PROBLEM TO WORK ON
Transcribe the listing that follows in full, omitting pictures.

COLLECTED DATA
★ ★ ★ ★ ★

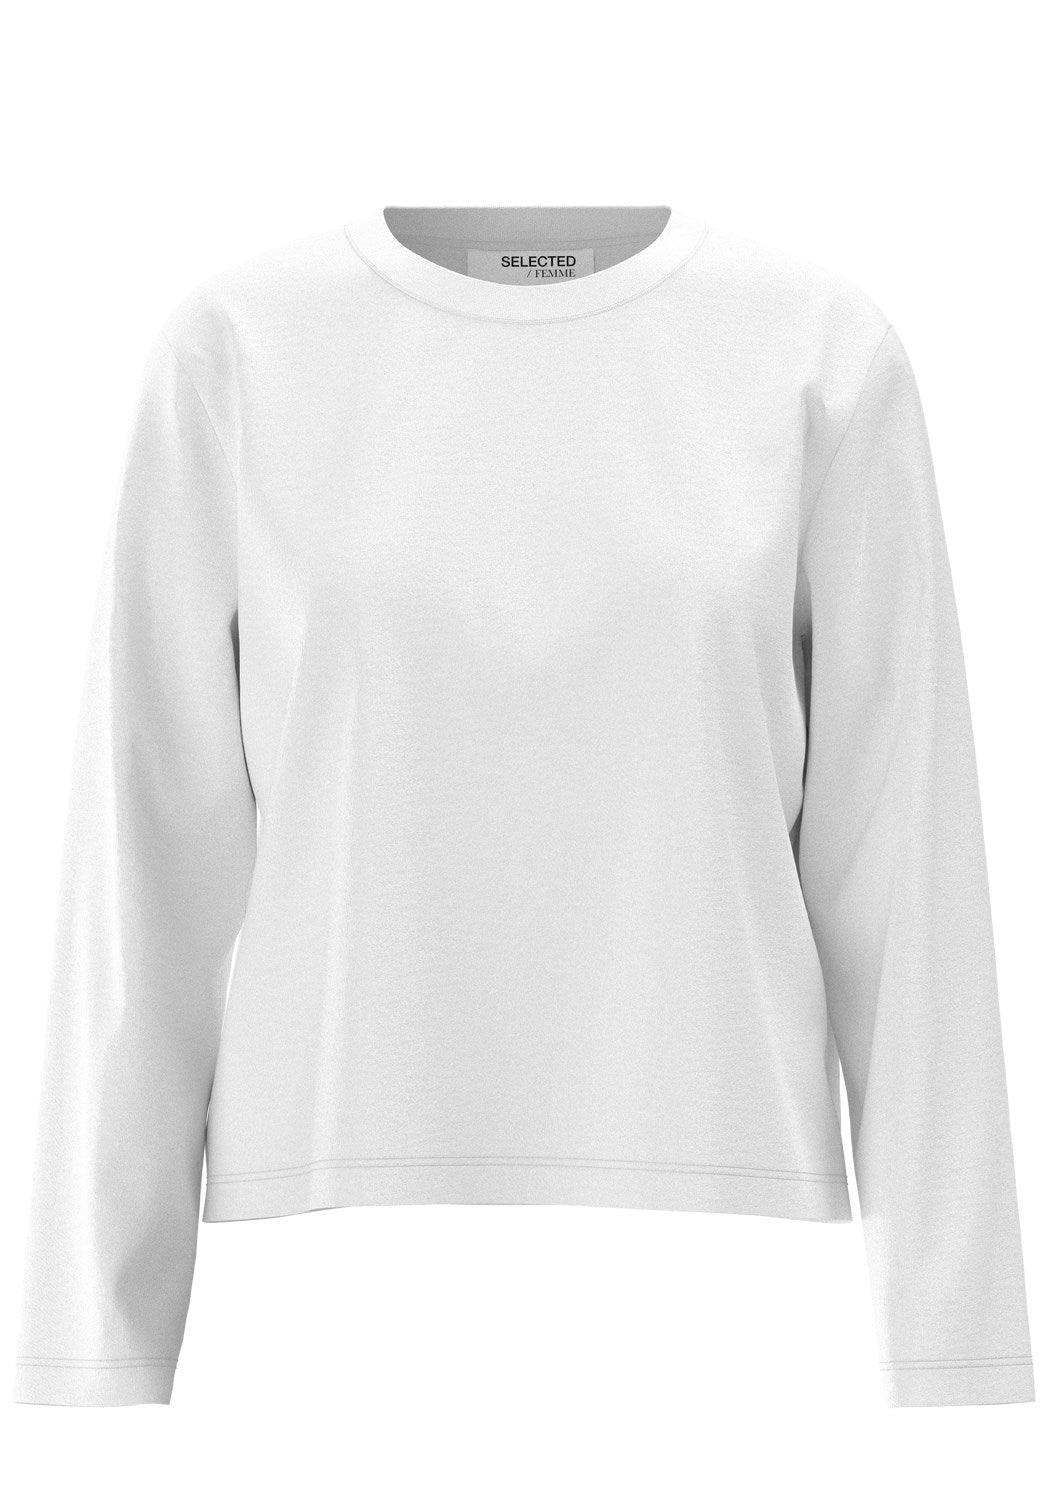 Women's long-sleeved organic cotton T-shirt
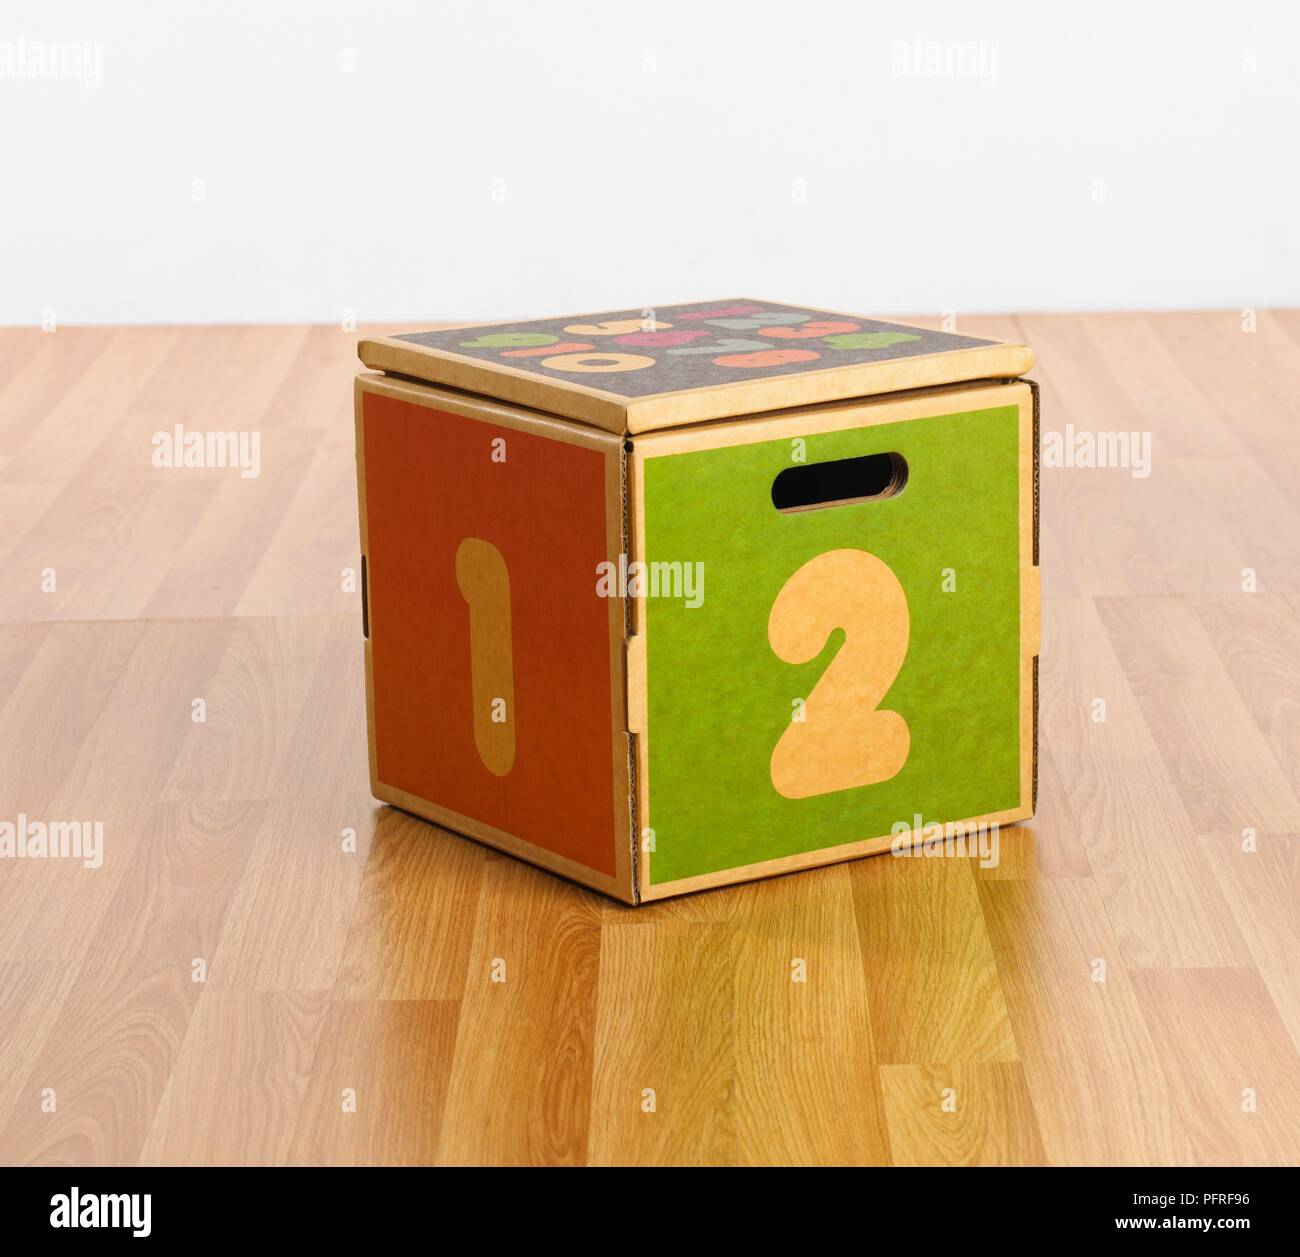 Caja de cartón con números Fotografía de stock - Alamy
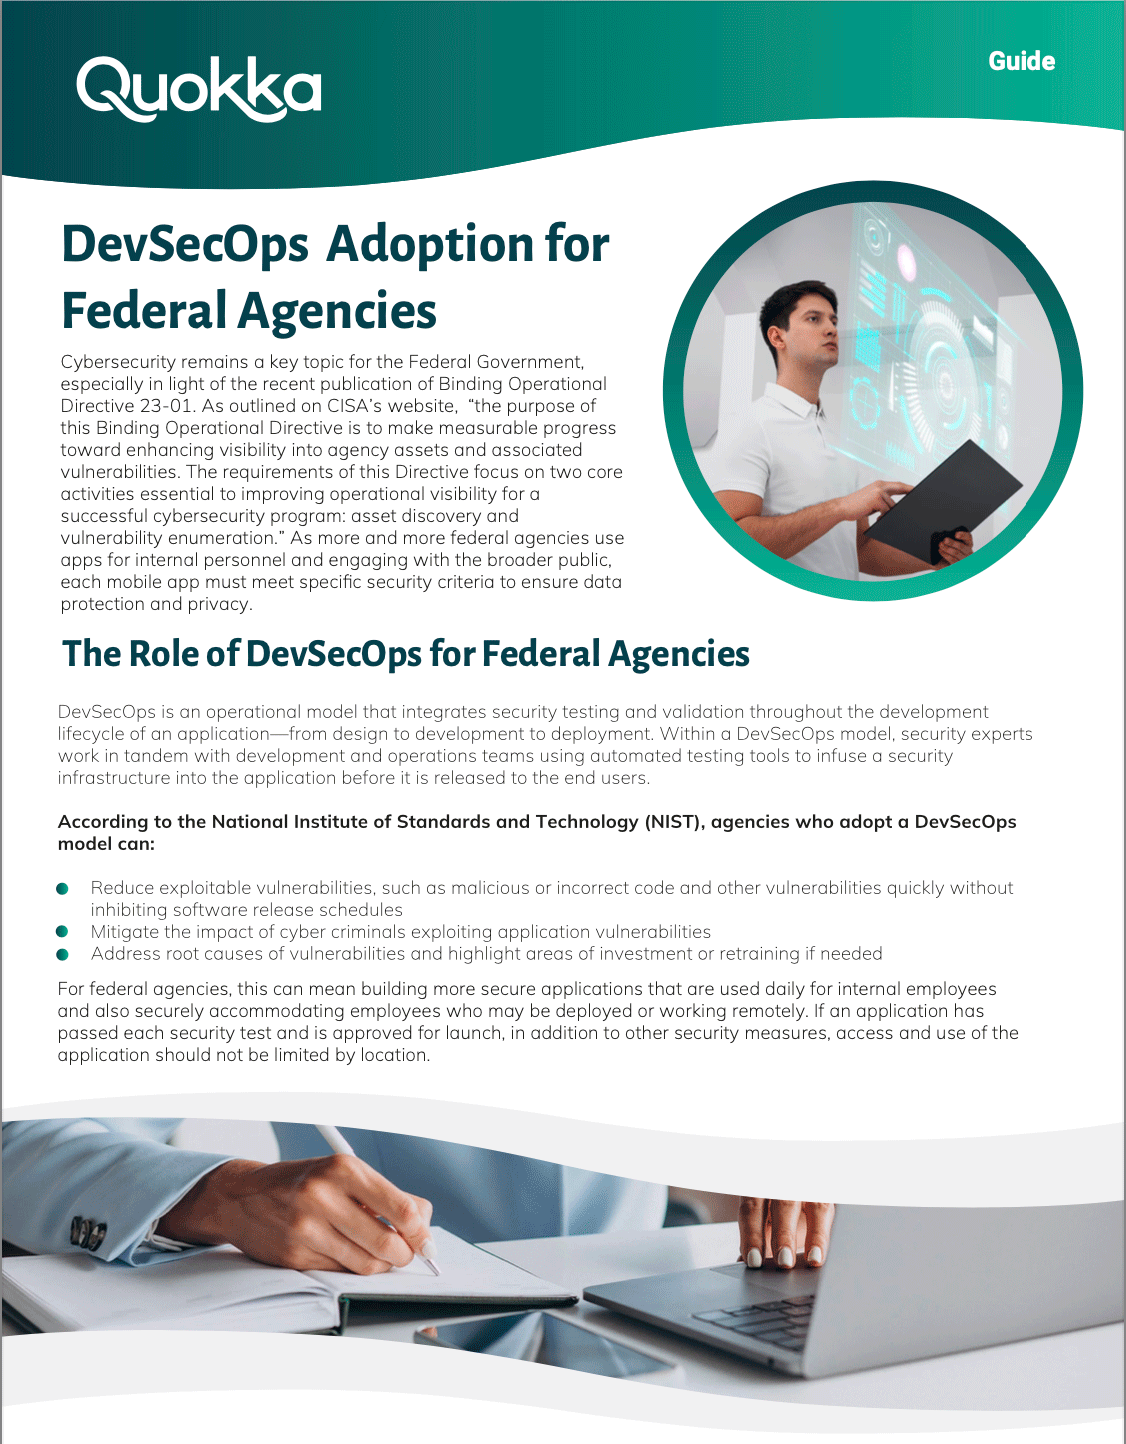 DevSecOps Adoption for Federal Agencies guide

★ ★ ★ ★ ★

ANSWER TO THE EXERCISE
 Women's long-sleeved organic cotton T-shirt
 Caja de cartón con números Fotografía de stock - Alamy
 DevSecOps Adoption for Federal Agencies guide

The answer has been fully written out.